How MT changes the translation industry
Machine Translation, often referred to as MT, has been around for decades. It has evolved through several iterations - from rule based, statistical, example based, hybrid to the modern and current version of Neural Machine Translation or NMT.
MT has become a viable option since the 1990s. However, quality and use-cases were limited. Through the iterations of MT, quality and use-cases increased. Most of us are still familiar with the famously bad translation of manuals especially from Asian manufacturers. – Those were great examples of machine translation and its performance at the time.
During the 2010s, and with the emergence of NMT, we have seen a big leap in quality. This has majorly expanded how Neural Machine Translation can be used in operations and processes in the real world. Since then, Google Translate, DeepL, Systran, Yandex, and many more have dramatically improved quality and performance of the neural machine translation output.
Today, NMT is in use at many large enterprises and LSP (Language Service Provider = translation agencies) to help streamline processes and cut costs. The latter being the main focus.
Market share and dynamics
Today, ca. 30% of all content is translated by neural machine translation while 70% is still done by human translators. A common misconception is that machine translation replaces human translation.
While this is partially true, the main volumes for machine translation are coming from the benefits of machine translation, i.e. speed and low cost are unlocking content potential that has previously not been translated for time and cost reasons.
Thus, machine translation is causing the 50bn € language industry to grow further rather than cannibalizing human translation.
Different approaches and its implications:
The quantitative approach is used e.g., by Google Translate. Google crawls the internet for content with related language translations and trains its engine with the content from this process.
+ Large volumes – large volumes mean a large number of data points which build a good average.
+ Lots of languages covered.
- With large volumes, the quality of the content cannot be properly vetted, resulting in low quality content being used for training.
- Quality is suffering due to low quality content used for training.

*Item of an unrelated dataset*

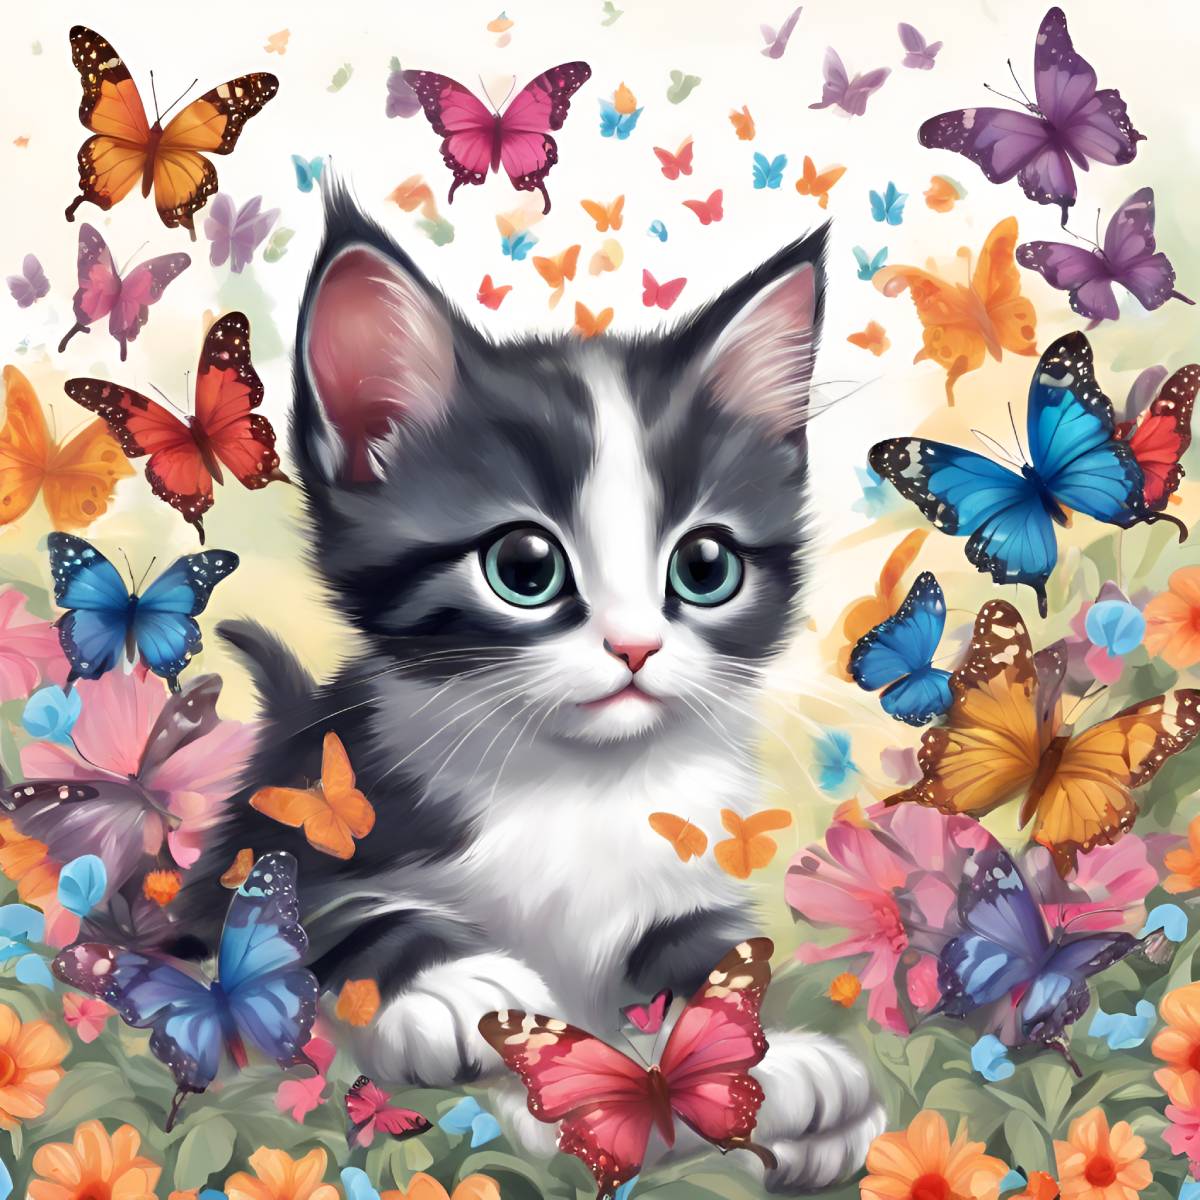 Diamonds-Wizard-Diamond-Painting-Kits-Animals-Cat-Kitten-and-Butterfly-Friends-original.jpg
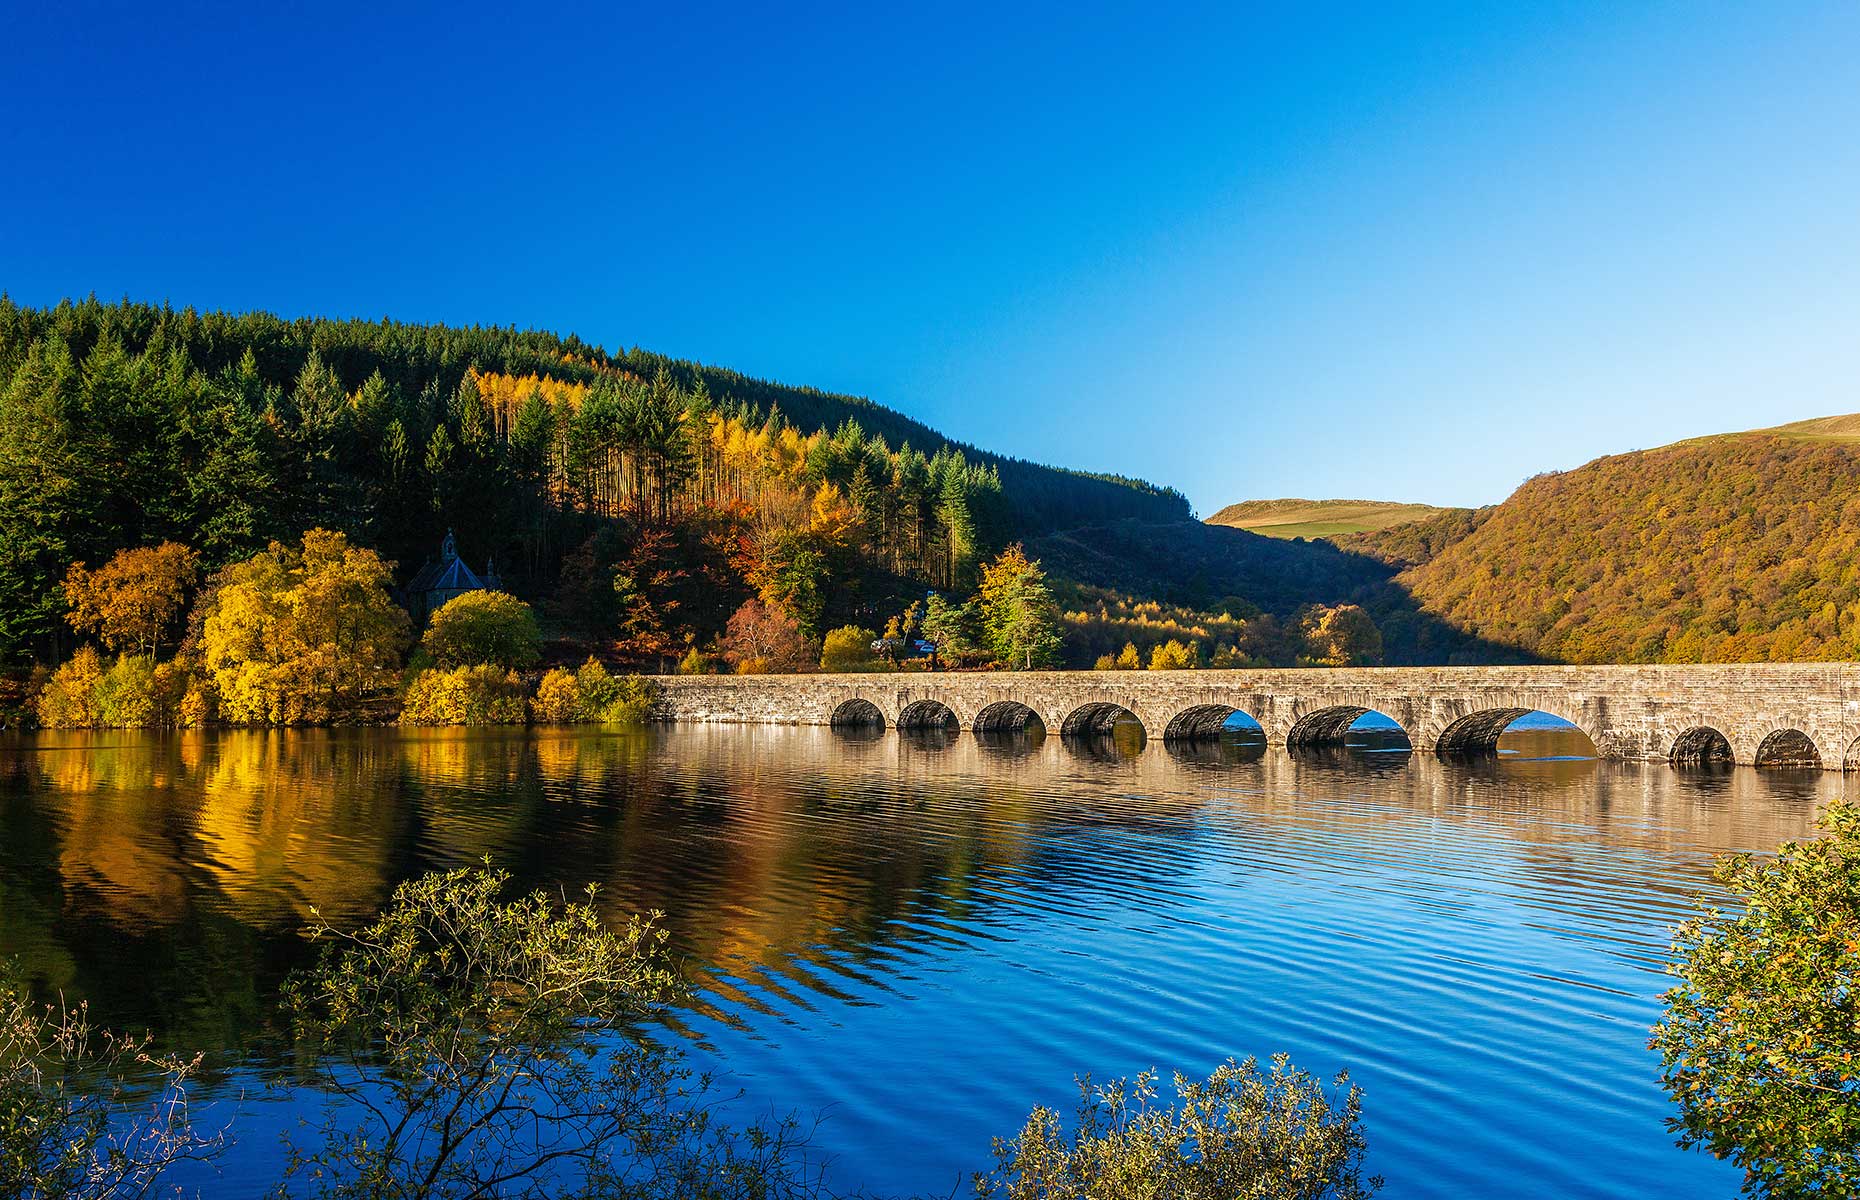 Elan Valley, Powys, Wales (Image: Billy Stock/Shutterstock)

In contrast, the qualitative approach to NMT is focused on high quality content for training - to give the AI the best possible basis for learning. This approach is used, for example, by DeepL.
+ Quality is high.
+ High quality content is needed for training. – It is hard to generate this kind of content.
- Adding language takes a lot of effort as high-quality content needs to be gathered first.
- The quality for different language pairs varies greatly.
- Several different NMT providers are needed to cover all needs.
The underlying technology is based on AI language models.
There are proprietary engines and open-source engines in use, e.g. Open NMT OpenNMT - Open-Source Neural Machine Translation based on research from Harvard NLP.
Generally speaking, the quality of the training material is the main factor when it comes to translation quality.
To cover the gap between pure machine translation and human translation, a hybrid has emerged: called machine translation with post editing or MTPE.
This is one of the fastest expanding practices in the translation industry both with LSP, pure hybrid providers like Lengoo, or the leading translation marketplace Lyngual.
+ Fast and cheap due to MT, but all common errors of MT are corrected by a human translator.
- Bad at conveying underlying tone and humorous content, thus not good with creative or marketing content.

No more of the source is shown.